'Mike and Molly' Indian joke angers tribes

March 5, 2013 at 4:24 PM   |   Comments

March 5 (UPI) -- A disparaging joke from an episode of the CBS sitcom "Mike and Molly" has offended American Indian tribes in Arizona, prompting calls for an apology from the network.

The joke had Rondi Reed, playing mom Peggy to the titular Mike, refuting the idea of moving to the Copper State:

“Arizona? Why would I move to Arizona? It’s nothing but a furnace full of drunk Indians!"

Representatives from Indian groups reacted angrily to the scene, which aired during the episode "Molly's New Shoes" on February 25.

"You can see somebody who is drunk and tripping over themselves and it’s easy to make fun of them,” said Erny Zah, a spokesman for the Navajo Nation, which has territories in Arizona. “It’s offensive, it’s derogatory, it’s deplorable."

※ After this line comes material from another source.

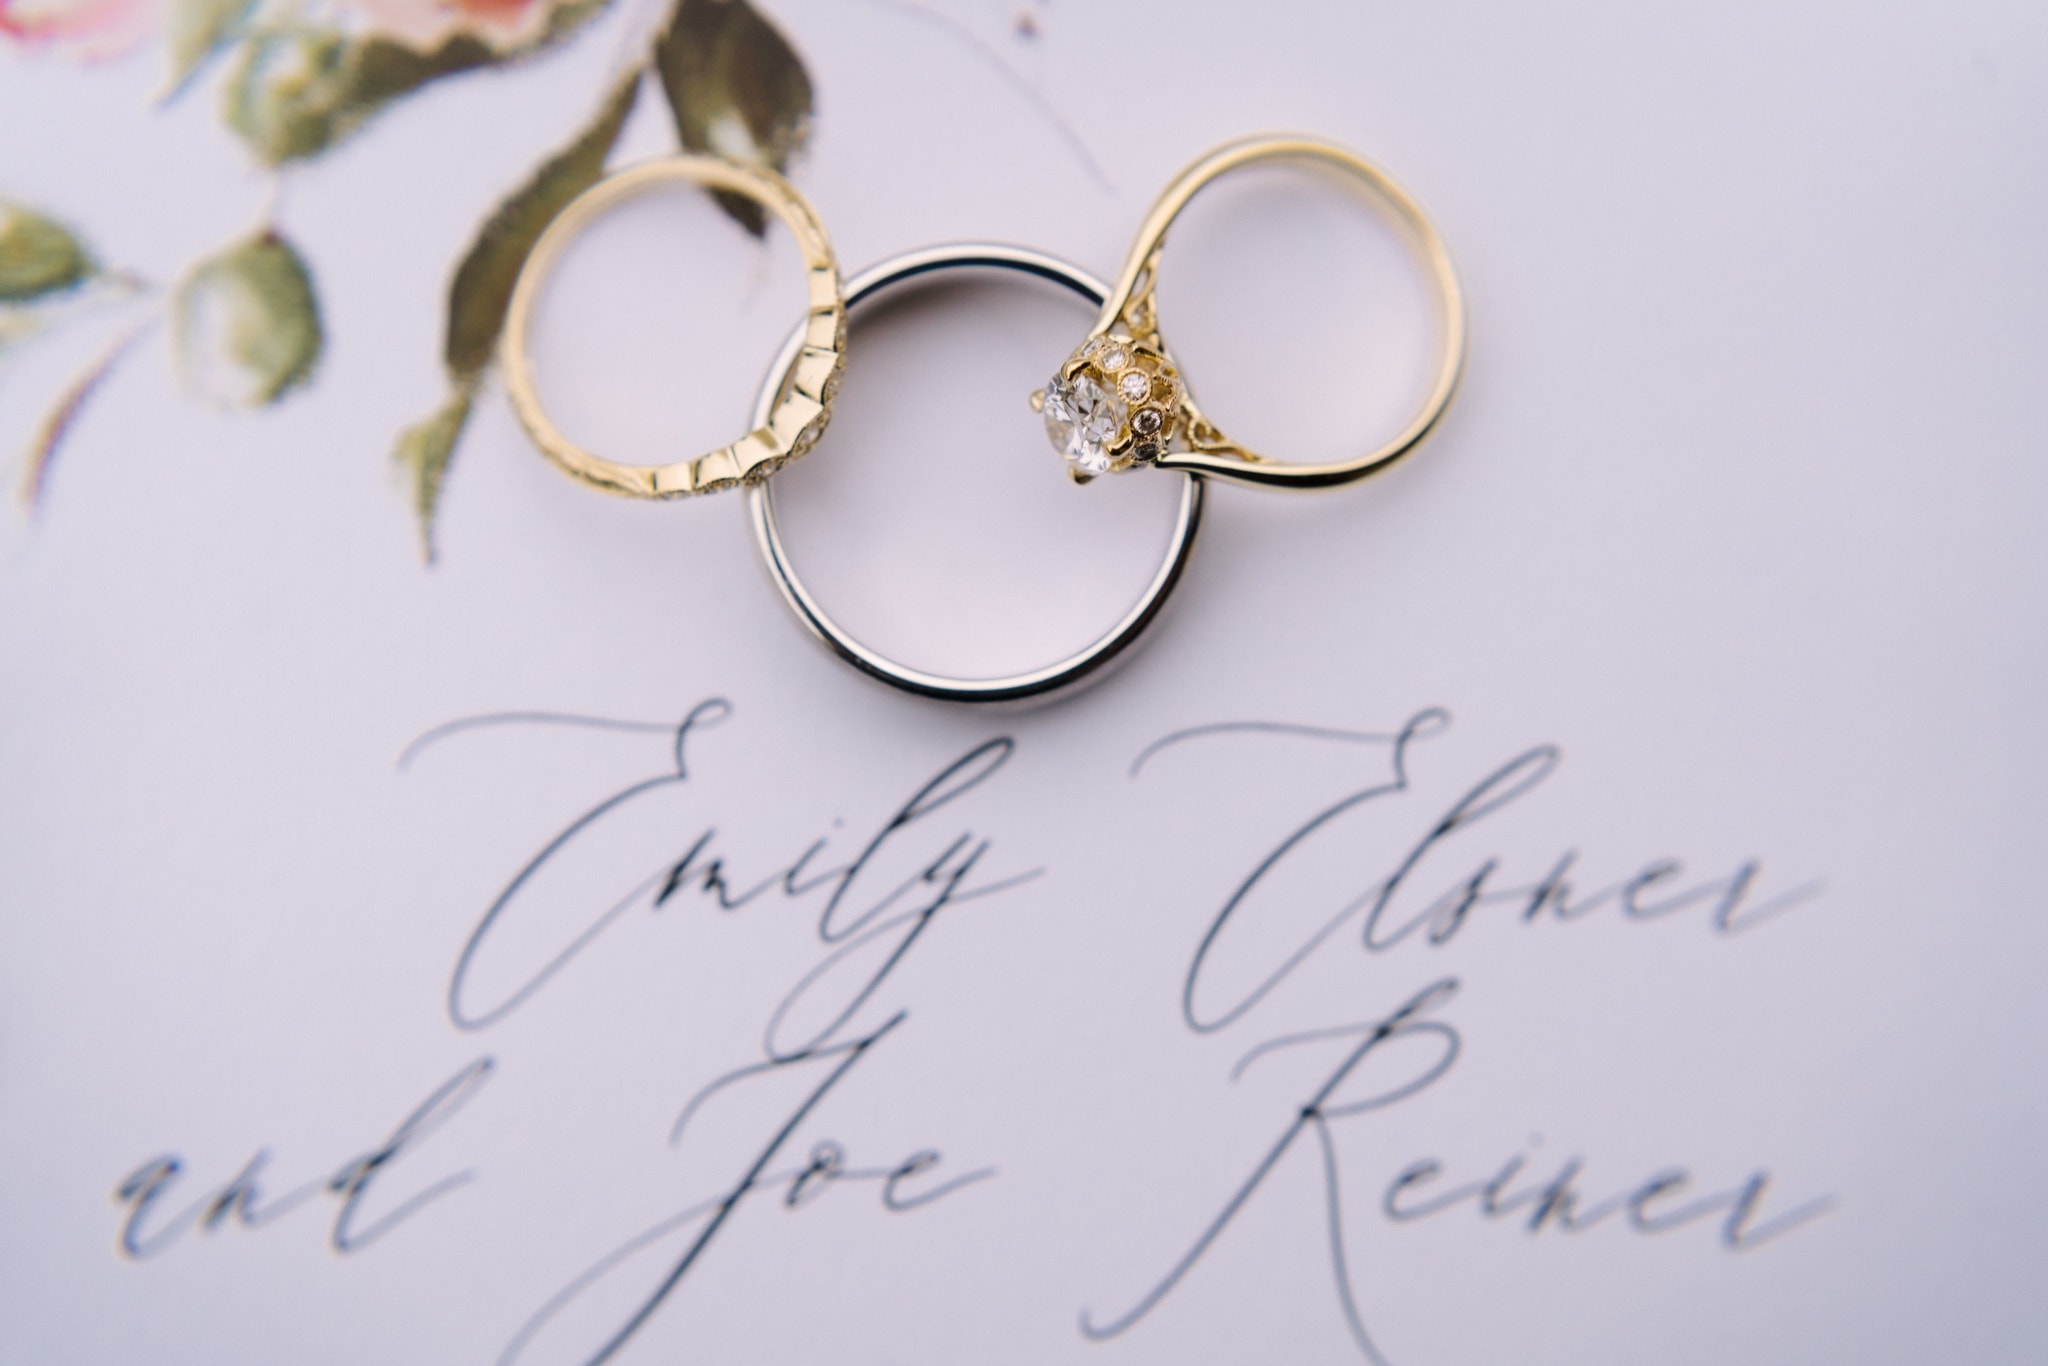 wedding invitation detail with wedding and engagement rings

"Ignorance is one thing, but this must have passed through a lot of eyes before it appeared on a network show," he added. "Alcoholism is a real issue on our reservations and it’s not funny.”

Zah told ABC News neither the network nor Warner Bros., which produces "Mike and Molly", have been in touch.

Though an apology would be appropriate, he noted, "it can’t fix the damage done."

The Native American Journalists Association released a statement condemning the line:

Why a highly entertaining show like ‘Mike & Molly’ would need to resort to humor at the expense of the first peoples of Arizona, is inexplicable. This comment shows blatant disregard for the original inhabitants of this land and perpetuates antiquated stereotypes of Native Americans. “We further urge screenwriters unfamiliar with Native people to contact NAJA with any questions regarding coverage of Native American and indigenous people.

A 2008 report from the Centers of Disease Control and Prevention said a startling 12 percent of deaths in the American Indian and Alaska Native communities are alcohol-related. And a study out of Indiana University's School of Medicine pointed to genetic variables that may lead Indian populations to a propensity for alcoholism.